Oster, J.D., R. Brokaw, R.A. Strohman, and J.E. Tracy. 1985. The influence of salinity and rootstock on avocado seedling growth-Progress Report. Calif. Avo. Soc. Yrbk. 69:105-110.

 

 

 

 

 

 

Figure 1. Salinity treatment effects on average chloride content of roots, stems, new growth and leaves based on irrigation water salinity. Mean separation calculated using LSD: roots (NS); stems (P<0.01, LSD = 0.07); new growth (P<0.05, LSD =0.04); and leaves (P<0.01, LSD =0.27).

 

 

 

Figure 2. Salinity treatment effects on sodium content of roots, stems, new growth and leaves based on irrigation water salinity. Mean separation calculated using LSD: roots (NS); stems (P<0.01, LSD =0.05); new growth (P<0.01, LSD =0.26); and leaves (P< 0.01, LSD = 0.04).

 

 

 

Figure 3. Rootstock effects on plant partitioning of chloride.
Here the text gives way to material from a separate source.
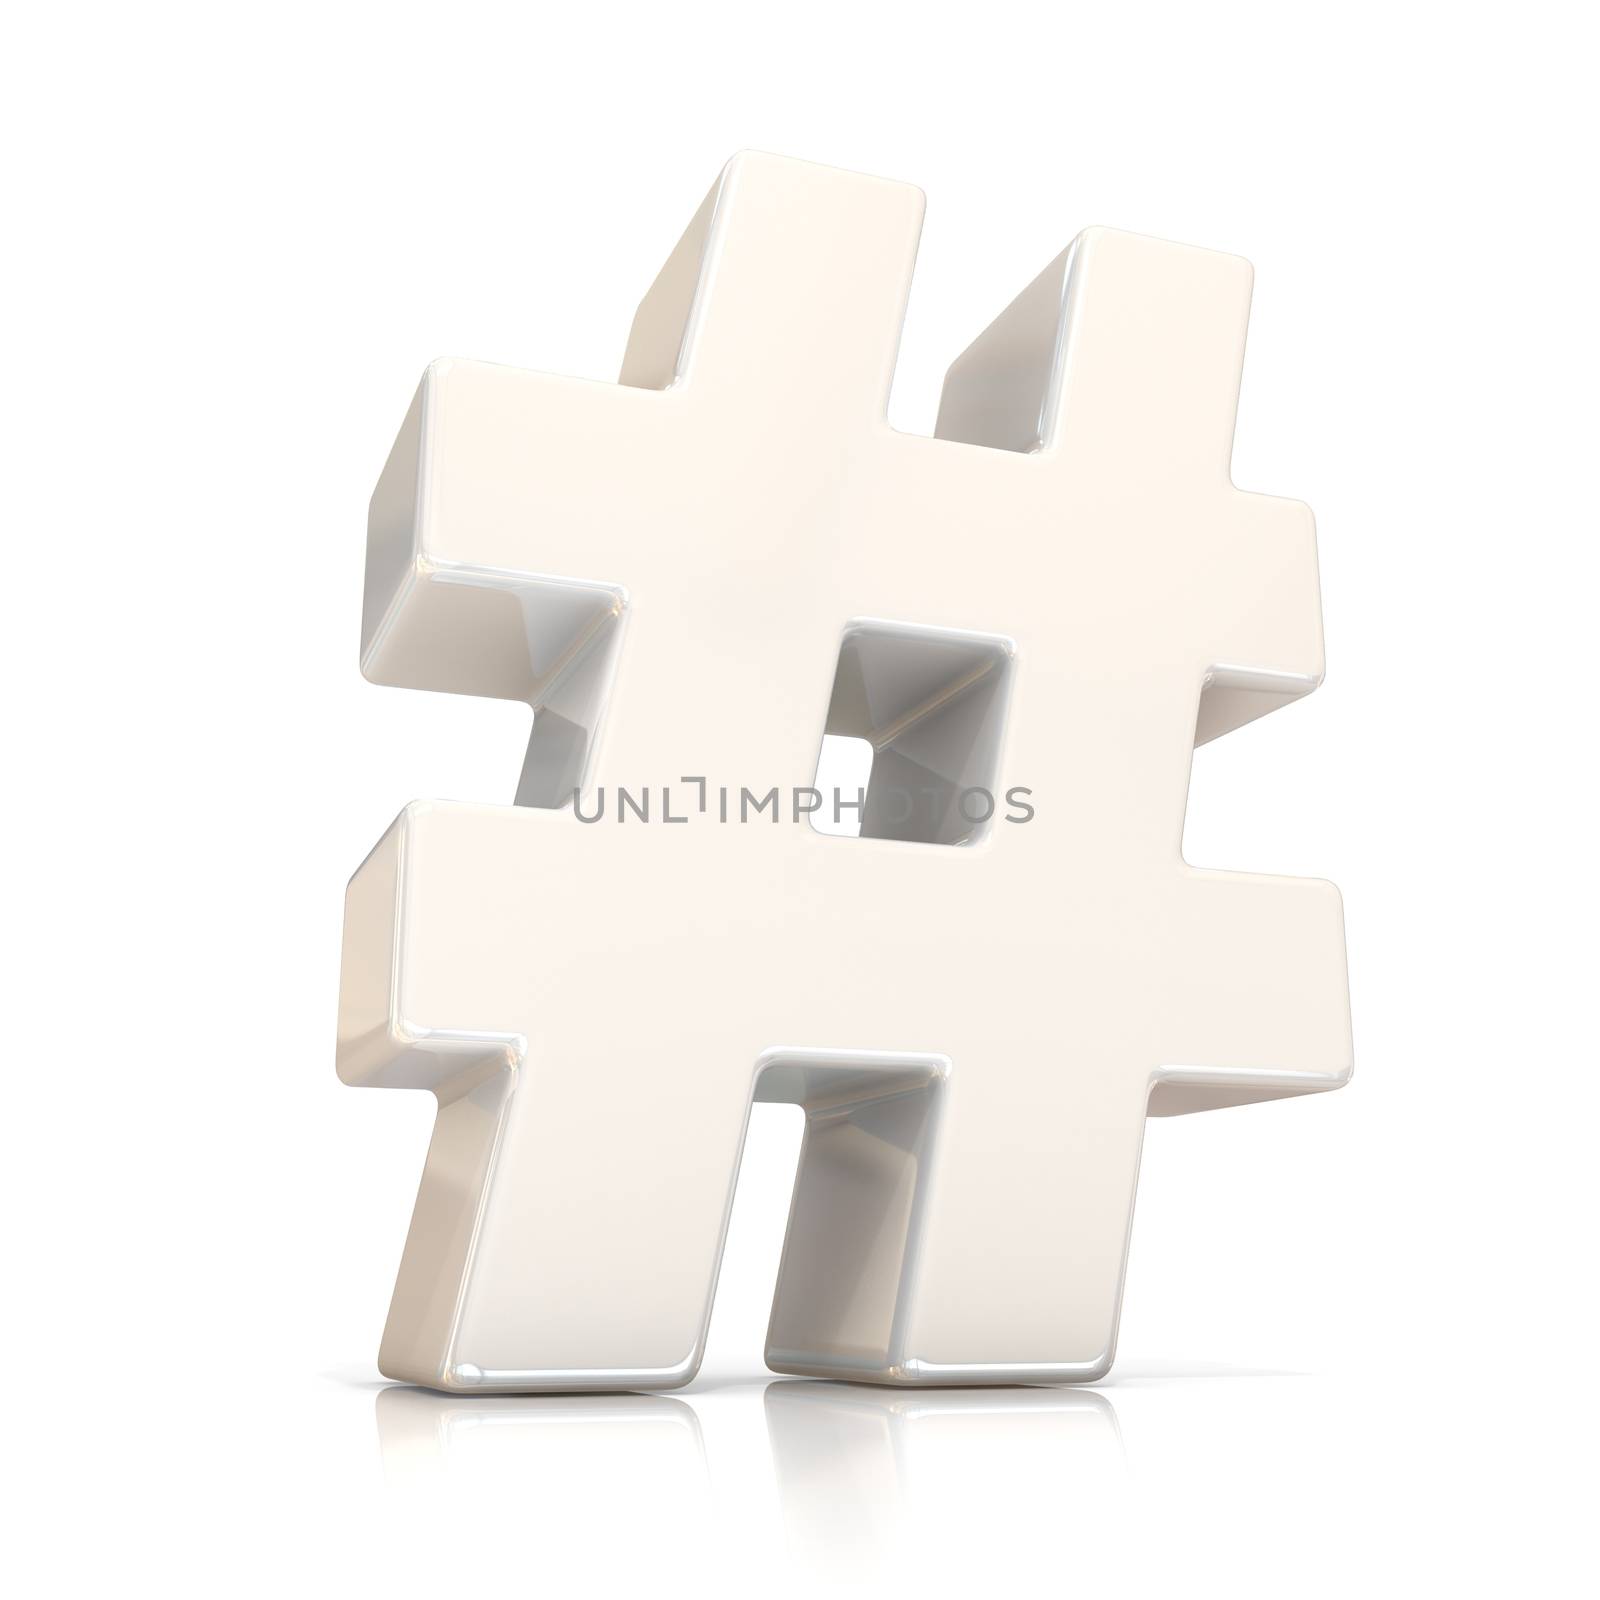 Hashtag, number mark 3D white sign isolated on white background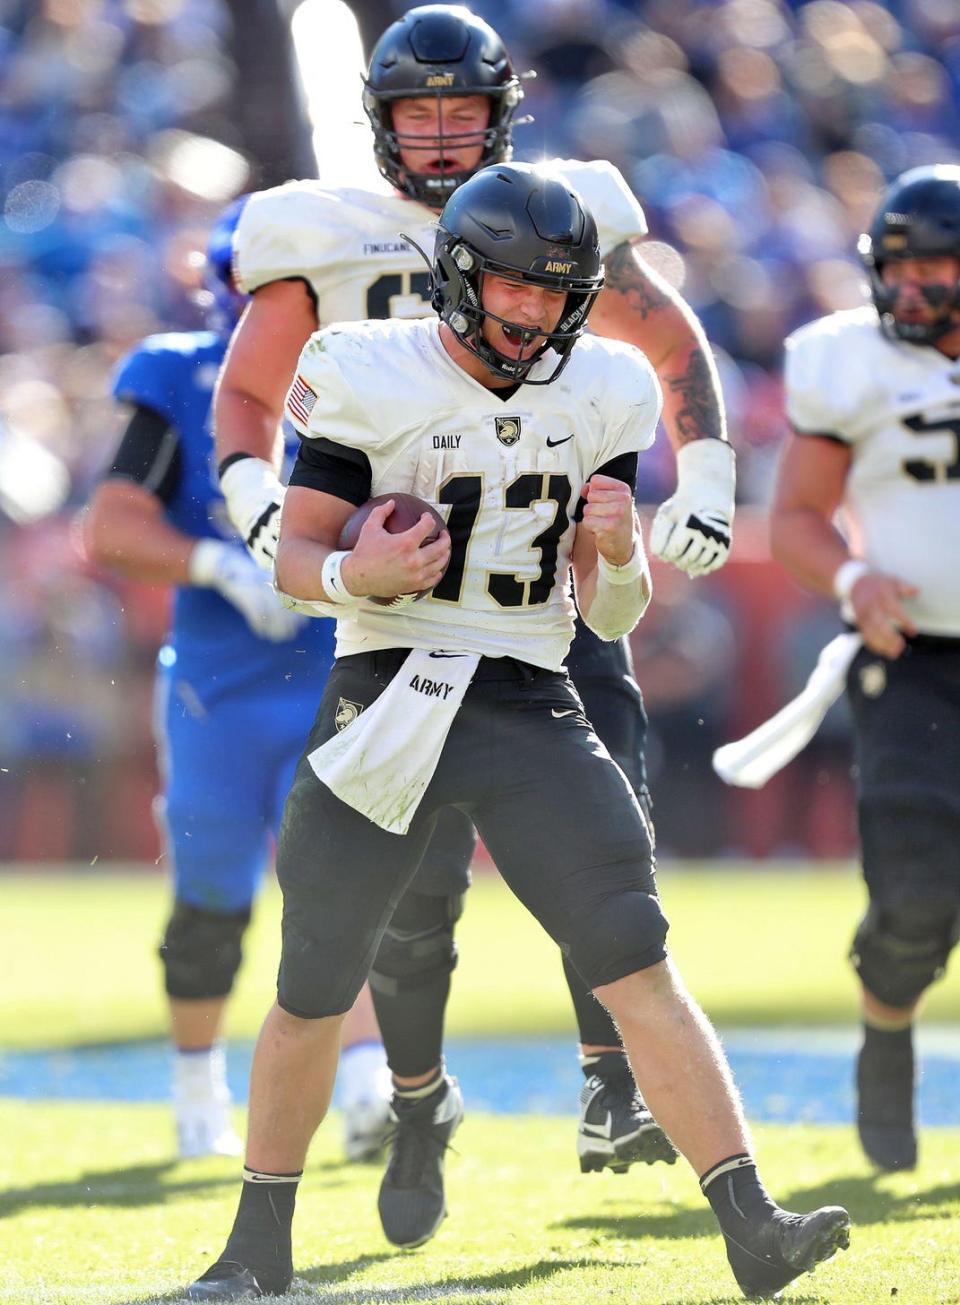 Nov 4, 2023; Denver, Colorado, USA; Army Black Knights quarterback Bryson Daily (13) celebrates after picking up a first down against the Air Force Falcons during the second half at Empower Field at Mile High. Mandatory Credit: Danny Wild-USA TODAY Sports

Mean separation calculated using LSD: roots (P<0.01, LSD = 0.20); stems (P<0.01, LSD = 0.09); new growth (NS); and leaves (P<0.01, LSD = 0.41).

 

 

 

 

Figure 4. Rootstock effects on plant partitioning of sodium. Mean separation calculated using LSD: roots (P<0.01, LSD=0.22); stems (P<0.01, LSD = 0.07); new growth (P<0.05, LSD =0.28); and leaves (P<0.01, LSD = 0.05).